Iran launches nuclear plant days before UN deadline

ARAK (Reuters) — Iran’s president launched a new phase in the Arak heavy-water reactor project on Saturday, saying Tehran would not give up its right to nuclear technology despite Western fears it aims to make atomic bombs.

President Mahmoud Ahmadinejad was speaking just days before an August 31 deadline set by the UN Security Council for Iran to halt uranium enrichment — the West’s biggest worry in Iran’s atomic programme — or face possible sanctions.

“No one can deprive a nation of its rights based on its capabilities,” Ahmadinejad said in his speech to inaugurate the heavy-water project.

The Arak project, once complete, will produce plutonium as a by-product that could be used to make atomic warheads. But the reactor that will produce this is still being built.

Western nations accuse Iran of seeking to master technology to produce nuclear weapons. Iran, the world’s fourth largest oil exporter, insists it only wants to produce electricity.

“Iran is not a threat to anybody, not even to the Zionist regime,” Ahmadinejad said, using Iran’s term for its arch-enemy Israel, which the Islamic republic does not recognise.

Although Iran faces possible sanctions if it does not heed the UN deadline, divisions among world powers over how to handle the Islamic republic could delay any action.

The Los Angeles Times reported Washington had indicated it was ready to form an independent coalition to freeze Iranian assets and restrict trade if necessary. Analysts say sanctions imposed by just a few states would have limited impact.

A White House spokeswoman said on Saturday the United States, Russia, China, Britain, France and Germany were consulting about Iran’s response to the package of incentives the six offered Tehran to halt uranium enrichment.

“We all share the goal of preventing Iran from acquiring a nuclear weapons capability,” spokeswoman Dana Perino said.

Iran is likely to raise further fears in Western capitals by pressing ahead with the heavy-water project near Arak, 190km southwest of the capital Tehran.

“An Iranian official said the project is not a proliferation risk because heavy- water has no military use. Diplomats say it is not a constructive step.

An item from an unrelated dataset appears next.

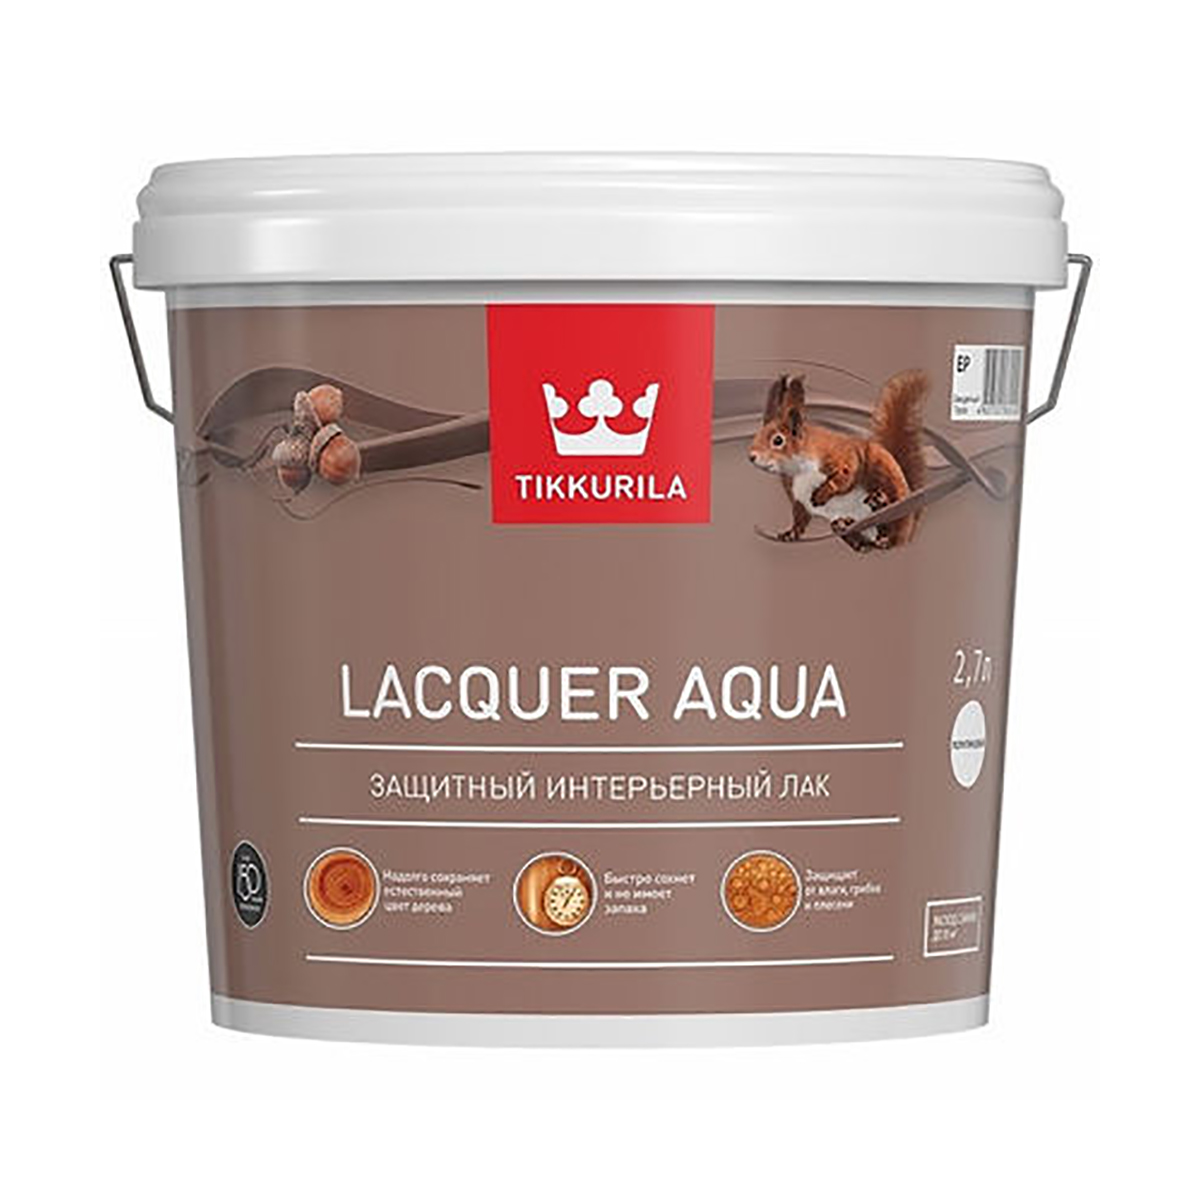 Лак Tikkurila Euro Lacquer Aqua (700001138) бесцветный 2.7л лак интерьерный tikkurila lacquer aqua база ep бес ный полуглянцевый 2 7 л

“It’s not a proliferation risk in itself, but the associated operations — still to be constructed — would be.

“And the timing seems particularly poor,” said a Vienna-based diplomat familiar with operations of the UN nuclear watchdog in Iran.

Nuclear inspectors

 

The UN Security Council resolution setting the Aug. 31 deadline to halt enrichment also cited a call by the UN watchdog, the International Atomic Energy Agency (IAEA), for Iran to reconsider building its heavy-water reactor project.

The Arak complex was protected by dozens of anti-aircraft guns and surrounded by a four-metre high barbed wire fence.

Photographers and TV journalists were asked not to take any images except in areas where they were specifically permitted.

The head of Iran’s Atomic Energy Organisation, Gholamreza Aghazadeh, told the students’ ISNA news agency that IAEA inspectors would visit Arak next week.

Inspectors routinely visit Iranian facilities but diplomats say a group was recently denied access to an Iranian underground site. Iran denies hindering routine access but earlier this year stopped allowing snap checks of its facilities by inspectors.

The West’s main concern is Iran’s programme for enriching uranium, a process that can be used to make fuel for nuclear power stations or material for bombs.

But Iran has so far refused to stop the work and shrugged off the threat of sanctions, saying it would push already soaring oil prices higher still, hurting industrial nations.

Iran’s deputy parliament speaker, Mohammad Reza Bahonar, warned the West in comments published by Iran’s Sharq newspaper on Saturday that putting pressure on the country could prompt public calls for Iran to pursue a weapons programme.

“Be afraid of the day that the Iranian nation comes into the streets and stages demonstrations to ask the government to produce nuclear weapons to combat the threats,” he said.

Iran, responding to the incentives offered by the six world powers, has only hinted it might be ready to consider halting uranium enrichment as a result of talks, not as a precondition.

The reply seemed designed to divide opinion among the six powers.

The United States has warned of swift action on sanctions.

Britain, Germany and France have been less conclusive in public. But Russia and China, both trade partners of Iran, have been unwilling and could veto sanctions in the Security Council.